(Raw data):
▽

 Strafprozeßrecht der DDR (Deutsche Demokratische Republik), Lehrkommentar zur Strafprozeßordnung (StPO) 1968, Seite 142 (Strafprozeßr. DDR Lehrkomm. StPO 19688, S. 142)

△
▽

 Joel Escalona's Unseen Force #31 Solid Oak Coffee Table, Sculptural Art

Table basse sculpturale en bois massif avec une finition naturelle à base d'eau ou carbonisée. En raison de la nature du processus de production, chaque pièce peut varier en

△

(Instructions to follow): Each line of the listing above that contains the word "Table" is to be copied.

(Answer to the problem):
 Joel Escalona's Unseen Force #31 Solid Oak Coffee Table, Sculptural Art
Table basse sculpturale en bois massif avec une finition naturelle à base d'eau ou carbonisée. En raison de la nature du processus de production, chaque pièce peut varier en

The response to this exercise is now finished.